■ WHAT YOU SHOULD DO ■
Give back the entries verbatim.

■ ENTRIES SHOWN ■
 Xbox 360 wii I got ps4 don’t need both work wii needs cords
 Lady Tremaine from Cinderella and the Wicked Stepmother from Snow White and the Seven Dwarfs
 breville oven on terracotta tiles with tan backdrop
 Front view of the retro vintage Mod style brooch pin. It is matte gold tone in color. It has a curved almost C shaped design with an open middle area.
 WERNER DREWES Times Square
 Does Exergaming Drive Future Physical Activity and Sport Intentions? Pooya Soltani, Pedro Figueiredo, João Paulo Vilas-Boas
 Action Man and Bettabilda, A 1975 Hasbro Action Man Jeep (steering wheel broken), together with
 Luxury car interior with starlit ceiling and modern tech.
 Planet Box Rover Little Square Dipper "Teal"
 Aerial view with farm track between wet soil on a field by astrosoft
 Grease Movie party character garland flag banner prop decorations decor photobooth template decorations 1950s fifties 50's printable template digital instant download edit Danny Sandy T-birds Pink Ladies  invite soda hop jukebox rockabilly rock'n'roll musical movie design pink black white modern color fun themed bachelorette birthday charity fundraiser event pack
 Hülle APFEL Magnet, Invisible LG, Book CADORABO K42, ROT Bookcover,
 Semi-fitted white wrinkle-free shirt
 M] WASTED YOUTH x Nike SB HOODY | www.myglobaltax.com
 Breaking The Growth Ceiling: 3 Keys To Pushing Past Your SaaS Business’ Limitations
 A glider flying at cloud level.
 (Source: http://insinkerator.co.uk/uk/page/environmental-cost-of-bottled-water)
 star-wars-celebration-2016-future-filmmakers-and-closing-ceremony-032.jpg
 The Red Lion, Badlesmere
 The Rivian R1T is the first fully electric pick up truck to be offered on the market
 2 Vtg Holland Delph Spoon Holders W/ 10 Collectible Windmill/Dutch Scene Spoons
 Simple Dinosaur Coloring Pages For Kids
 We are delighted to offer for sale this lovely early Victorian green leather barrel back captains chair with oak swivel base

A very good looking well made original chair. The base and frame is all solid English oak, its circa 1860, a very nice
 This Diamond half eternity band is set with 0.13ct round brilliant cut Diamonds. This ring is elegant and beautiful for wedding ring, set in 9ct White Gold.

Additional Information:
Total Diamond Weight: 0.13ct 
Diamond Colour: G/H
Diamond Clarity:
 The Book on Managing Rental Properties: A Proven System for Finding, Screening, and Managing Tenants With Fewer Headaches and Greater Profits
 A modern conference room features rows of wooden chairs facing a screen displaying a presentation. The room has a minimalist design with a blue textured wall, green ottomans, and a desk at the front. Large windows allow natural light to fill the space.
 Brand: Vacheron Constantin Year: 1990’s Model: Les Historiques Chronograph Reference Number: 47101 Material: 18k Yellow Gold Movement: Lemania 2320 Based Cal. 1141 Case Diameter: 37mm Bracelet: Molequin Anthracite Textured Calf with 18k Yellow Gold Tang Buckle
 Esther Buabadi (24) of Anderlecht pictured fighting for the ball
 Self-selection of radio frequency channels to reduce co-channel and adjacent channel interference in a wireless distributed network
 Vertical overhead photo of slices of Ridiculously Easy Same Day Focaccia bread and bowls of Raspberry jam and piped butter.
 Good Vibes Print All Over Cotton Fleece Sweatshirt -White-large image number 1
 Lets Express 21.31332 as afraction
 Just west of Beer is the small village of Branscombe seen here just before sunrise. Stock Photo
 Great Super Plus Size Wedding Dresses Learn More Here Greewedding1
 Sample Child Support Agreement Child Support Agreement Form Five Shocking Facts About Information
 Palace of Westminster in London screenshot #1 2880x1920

■ EXERCISE RESULT ■
 Xbox 360 wii I got ps4 don’t need both work wii needs cords
 Lady Tremaine from Cinderella and the Wicked Stepmother from Snow White and the Seven Dwarfs
 breville oven on terracotta tiles with tan backdrop
 Front view of the retro vintage Mod style brooch pin. It is matte gold tone in color. It has a curved almost C shaped design with an open middle area.
 WERNER DREWES Times Square
 Does Exergaming Drive Future Physical Activity and Sport Intentions? Pooya Soltani, Pedro Figueiredo, João Paulo Vilas-Boas
 Action Man and Bettabilda, A 1975 Hasbro Action Man Jeep (steering wheel broken), together with
 Luxury car interior with starlit ceiling and modern tech.
 Planet Box Rover Little Square Dipper "Teal"
 Aerial view with farm track between wet soil on a field by astrosoft
 Grease Movie party character garland flag banner prop decorations decor photobooth template decorations 1950s fifties 50's printable template digital instant download edit Danny Sandy T-birds Pink Ladies  invite soda hop jukebox rockabilly rock'n'roll musical movie design pink black white modern color fun themed bachelorette birthday charity fundraiser event pack
 Hülle APFEL Magnet, Invisible LG, Book CADORABO K42, ROT Bookcover,
 Semi-fitted white wrinkle-free shirt
 M] WASTED YOUTH x Nike SB HOODY | www.myglobaltax.com
 Breaking The Growth Ceiling: 3 Keys To Pushing Past Your SaaS Business’ Limitations
 A glider flying at cloud level.
 (Source: http://insinkerator.co.uk/uk/page/environmental-cost-of-bottled-water)
 star-wars-celebration-2016-future-filmmakers-and-closing-ceremony-032.jpg
 The Red Lion, Badlesmere
 The Rivian R1T is the first fully electric pick up truck to be offered on the market
 2 Vtg Holland Delph Spoon Holders W/ 10 Collectible Windmill/Dutch Scene Spoons
 Simple Dinosaur Coloring Pages For Kids
 We are delighted to offer for sale this lovely early Victorian green leather barrel back captains chair with oak swivel base

A very good looking well made original chair. The base and frame is all solid English oak, its circa 1860, a very nice
 This Diamond half eternity band is set with 0.13ct round brilliant cut Diamonds. This ring is elegant and beautiful for wedding ring, set in 9ct White Gold.

Additional Information:
Total Diamond Weight: 0.13ct 
Diamond Colour: G/H
Diamond Clarity:
 The Book on Managing Rental Properties: A Proven System for Finding, Screening, and Managing Tenants With Fewer Headaches and Greater Profits
 A modern conference room features rows of wooden chairs facing a screen displaying a presentation. The room has a minimalist design with a blue textured wall, green ottomans, and a desk at the front. Large windows allow natural light to fill the space.
 Brand: Vacheron Constantin Year: 1990’s Model: Les Historiques Chronograph Reference Number: 47101 Material: 18k Yellow Gold Movement: Lemania 2320 Based Cal. 1141 Case Diameter: 37mm Bracelet: Molequin Anthracite Textured Calf with 18k Yellow Gold Tang Buckle
 Esther Buabadi (24) of Anderlecht pictured fighting for the ball
 Self-selection of radio frequency channels to reduce co-channel and adjacent channel interference in a wireless distributed network
 Vertical overhead photo of slices of Ridiculously Easy Same Day Focaccia bread and bowls of Raspberry jam and piped butter.
 Good Vibes Print All Over Cotton Fleece Sweatshirt -White-large image number 1
 Lets Express 21.31332 as afraction
 Just west of Beer is the small village of Branscombe seen here just before sunrise. Stock Photo
 Great Super Plus Size Wedding Dresses Learn More Here Greewedding1
 Sample Child Support Agreement Child Support Agreement Form Five Shocking Facts About Information
 Palace of Westminster in London screenshot #1 2880x1920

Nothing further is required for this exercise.